If the large number of neutrons required are not available, then the remaining amounts of these elements, containing the remaining bad isotope, have to be disposed of, and the bad isotope remains a hazard. As the high neutron flux exposure goes on, different lots of these elements at different degrees of depletion of the bad isotope may be kept isolated from one another. This process maya be accomplished by a spiral-type channel arrangement shown in FIG. 2 by the dotted lines in reference to component A.

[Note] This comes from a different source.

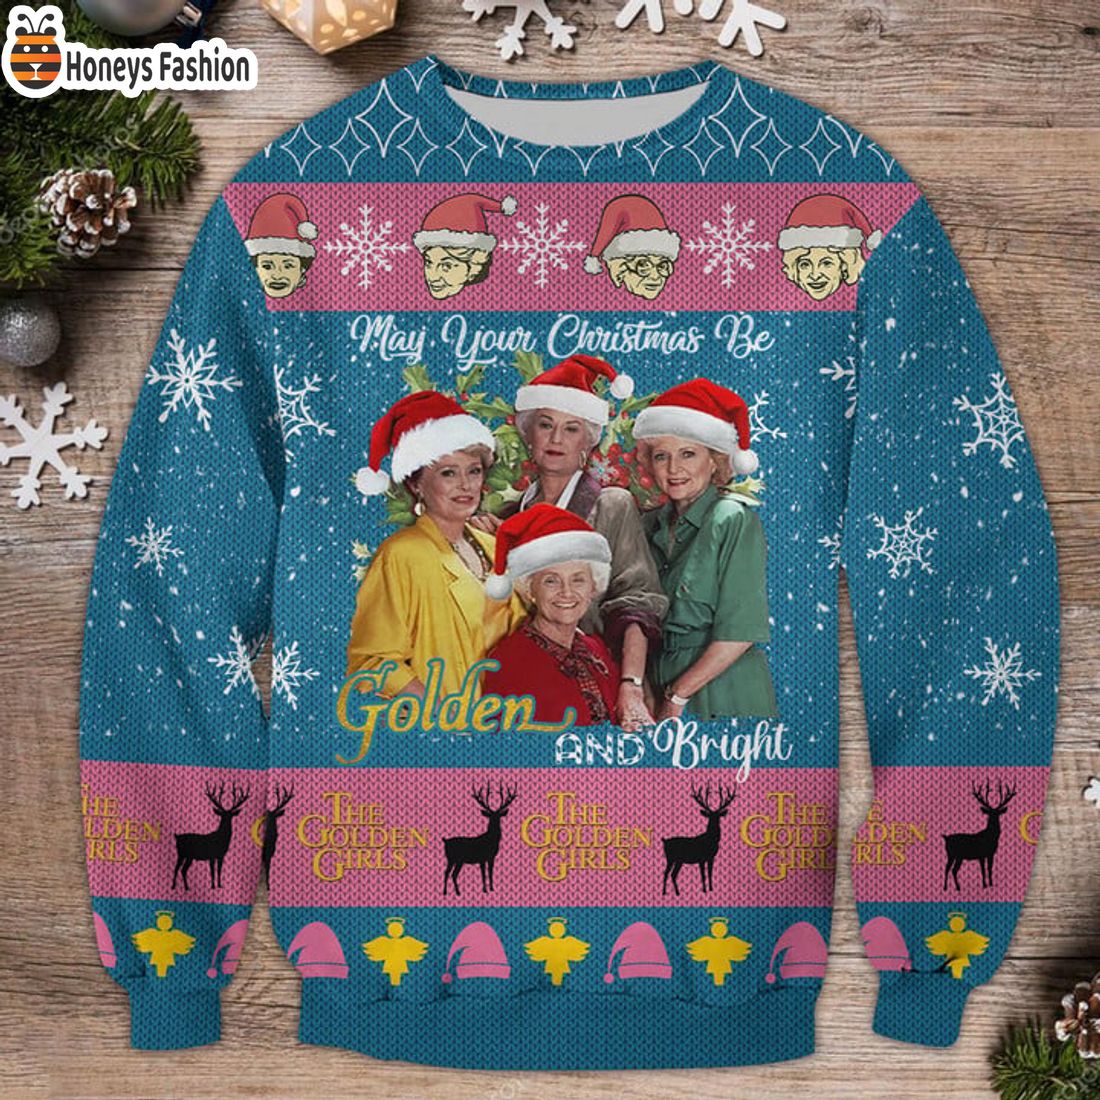 TRENDING The Golden Girls may your christmas be golden and bright ugly sweater

On the other hand, the remaining elements, most notably the large amount of Cs137, can have partially processed part of the element combined with the part of that element freshly separated from the recent fission waste, as indicated by the solid lines in FIG. 2.
The greatest advantage of isotope separation would occur for Zr93, which wastes a large number of neutrons and which has a very significant amount of Zr93 left with the stable isotopes of Zirconium after a reasonable amount of processing has taken place. Isotope separation is significant for Cesium unless case a is utilized, because of the large number of neutrons needed. Isotope separation is also useful for Sr90 and for the other elements on Table 4 if the amounts remaining are considered objectionable, and depending on the required neutron economy could be useful for those elements which require extra neutrons.
Each element was studied by computer runs utilizing the program WASTE shown in the appendix. Perfect chemical separation processing has been assigned for each channel with respect to all elements not originally in the channel.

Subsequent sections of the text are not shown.